Mike Sanders Agile Project Manager

We recently offered ScopeMaster to Freelance Agile Project Manager, Mike Sanders, to assess how it might have helped on a couple of recent projects.  He tried it out and was very impressed with the results, then offered some suggestions on how it fits with the Agile process:

“I moved from technical support, to programming and on to IT project managing twenty or so years ago. In this time frame I’ve used both waterfall and agile methodologies extensively with multiple corporate clients. I have to be honest, I far prefer agile. It may sound naïve to some, but I really do believe in its principles. Which is why, I was originally sceptical of ScopeMaster. Oh no, another piece of software that will add a step and slow me down in enabling a team deliver quality software, as requested and by when it’s requested.

I started using the system with this in mind, entering what I believed to be good user stories from a previous Public Sector project and was stunned to get a quality score of only 60%. Out of 186 user stories, 89 were ambiguous, meaning these couldn’t be measured. And then out of the 97 remaining stories, there were 22 duplicates. But this was the tip of the iceberg, the stories had 199 defects within them and I soon realised that I’d need to go through them. The first few took me twenty minutes to rewrite each, correcting the grammar, understanding how the software defined verbs and thus estimated the function points, but after a while I got faster. After another hour I stopped, as it would take me 2-3 days to go through them all, but I would have saved a third of the time I actually did spend going through them with the product owner and the development team in the past. Both parties would have been more confident because of the improved quality, and the Cosmic Function Points would have greatly aided the developers with their story point estimates. Straight away that’s 3-6 weeks saving. What is more, it would have really helped the product owner in going to the commercial market, supplying them with such a leap in quality, and providing a benchmark for development time and cost. Even the test teams would have had more information, long before a line of code had been developed.

Having decided that the Public Sector test was too easy, I entered requirements from a multi-national retailer that weren’t even written as user stories and was surprised that ScopeMaster could still provide the same level of quality and function point estimates, as long as the requirement made sense as a sentence. If I had used this in this past project, it would have saved 3 – 6 months in the requirement’s gathering process, and the project would have been delivered sooner.  It would have helped us focus on the problematical requirements and fixing those, eliminating many of the nasty surprises further along. 

Any software company, could use this to aid in estimating responses to RFPs. I want to use it on any future projects, whether agile or waterfall, to tighten up the requirements as early as possible. To me it’s a no brainer, the business should be happier to get more precise estimates back from IT who will be grateful for the greater clarity. A win-win for all.

ScopeMaster and Scrum –

When to use ScopeMaster: Scrum has a cycle rather than a gate, and think the use of ScopeMaster works well when part of Product Backlog Refinement/Grooming (word still used in USA, but UK tries to avoid this word!)

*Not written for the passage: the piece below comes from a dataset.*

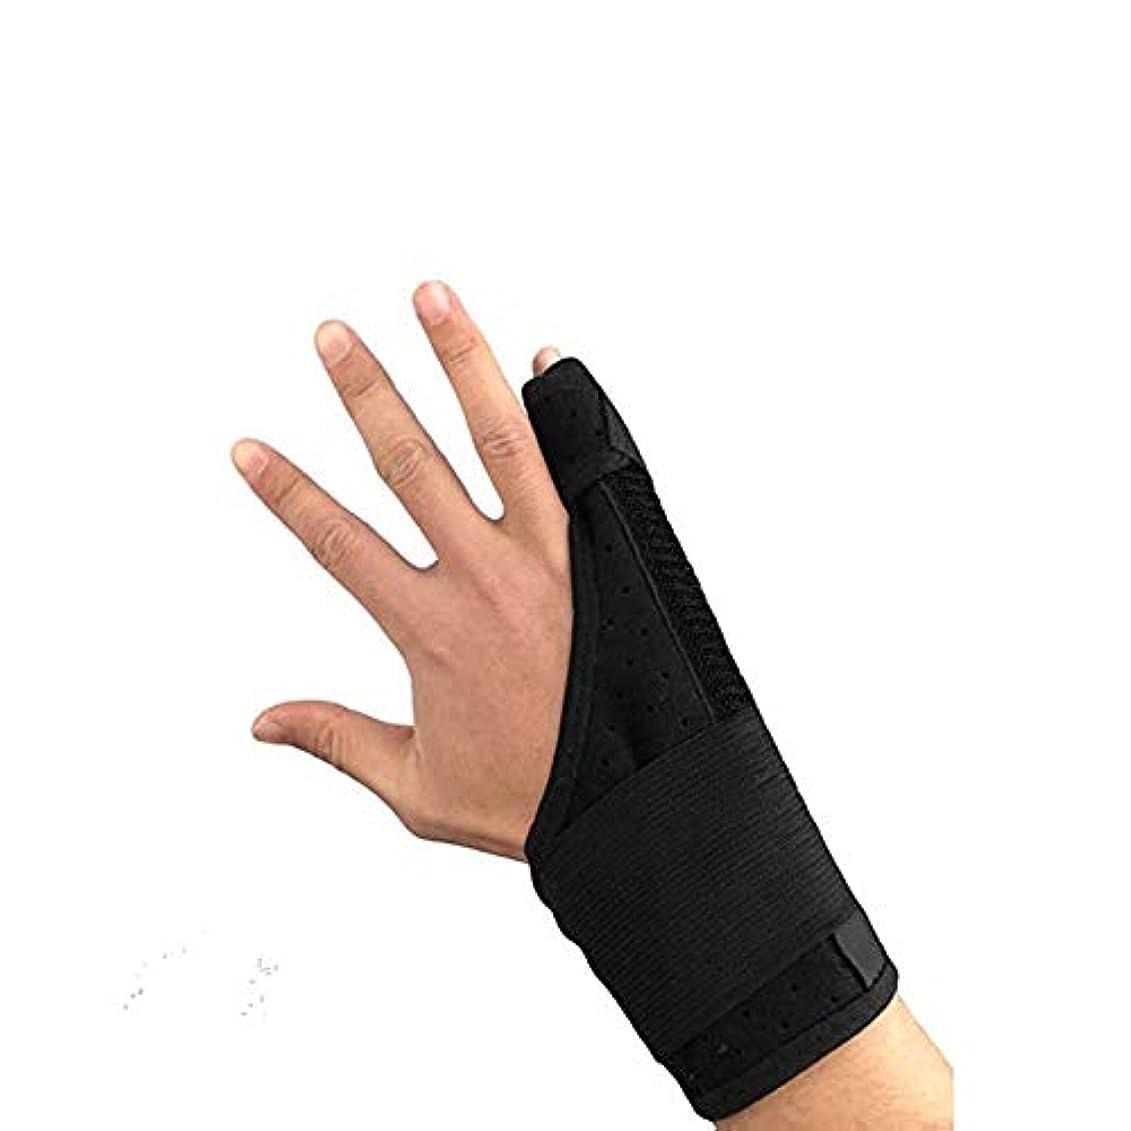 マーティンルーサーキングジュニア生態学鹿痛みを軽減、手根管関節炎のクランプサポート通気性の手首と親指ブロークン?スタビライザーニーパッドを指

Who should use ScopeMaster: Ideally the Product Owner would learn ScopeMaster, insuring all requirements are added and verified, as they are entered into the Product Backlog. Ultimately they are responsible for the user stories, so its crucial to them that its correct. This works easily, especially when integrated with Jira or similar tools. The Scrum Master’s role is to insure that agile principles are adhered to, that quality is maintained, including verifying that the user stories are Independent, Negotiable, Valuable, Estimatable, Small and Testable, so I would expect they would use the tool to go through the backlog, before the Team were exposed to them in the refinement meetings, which is where they would normally size them using story points.

Agile Benefits:

  • Fulfils the three pillars of scrum: Transparency, Inspection and Adaptation, as it clearly works with business language to determine quality, testing and development functions as soon as a requirement is entered.
    • Increased transparency of complexity of user stories showing functions and tests
    • Allows for deeper inspection of requirements, functions and test cases
  • Aids in early sizing to improve the release planning/high level product roadmaps
  • Can easily be incorporated into scrum cycles
  • A guidance tool to write better quality user stories
  • Automation helps with continuous integration
  • Automated sizing – Cosmic Function Points can be used as a single measure of size, or in combination or simply to guide story points

Other Benefits:

  • Ease of adoption – SAAS model, no software installation
  • Intuitive design reduces training needs
  • Multiple integrations – Jira and CSV
  • Reduces Risks of exposure to poor training/experience
    • Less reliant on BA expertise as provides quality guide
    • Less reliant on Testers expertise as provide test cases
    • Less reliant on development teams’ expertise as provide estimates”

In Summary

I started off quite sceptically but was won over when I started to see how quickly I could solve problems before coding.  The language of the resulting user stories, was in my opinion, far clearer for developers to work from.

ScopeMaster is completely consistent with the Agile principles and can be seen as something of an accelerator for Agile software developement, especially on larger more trouble-prone projects.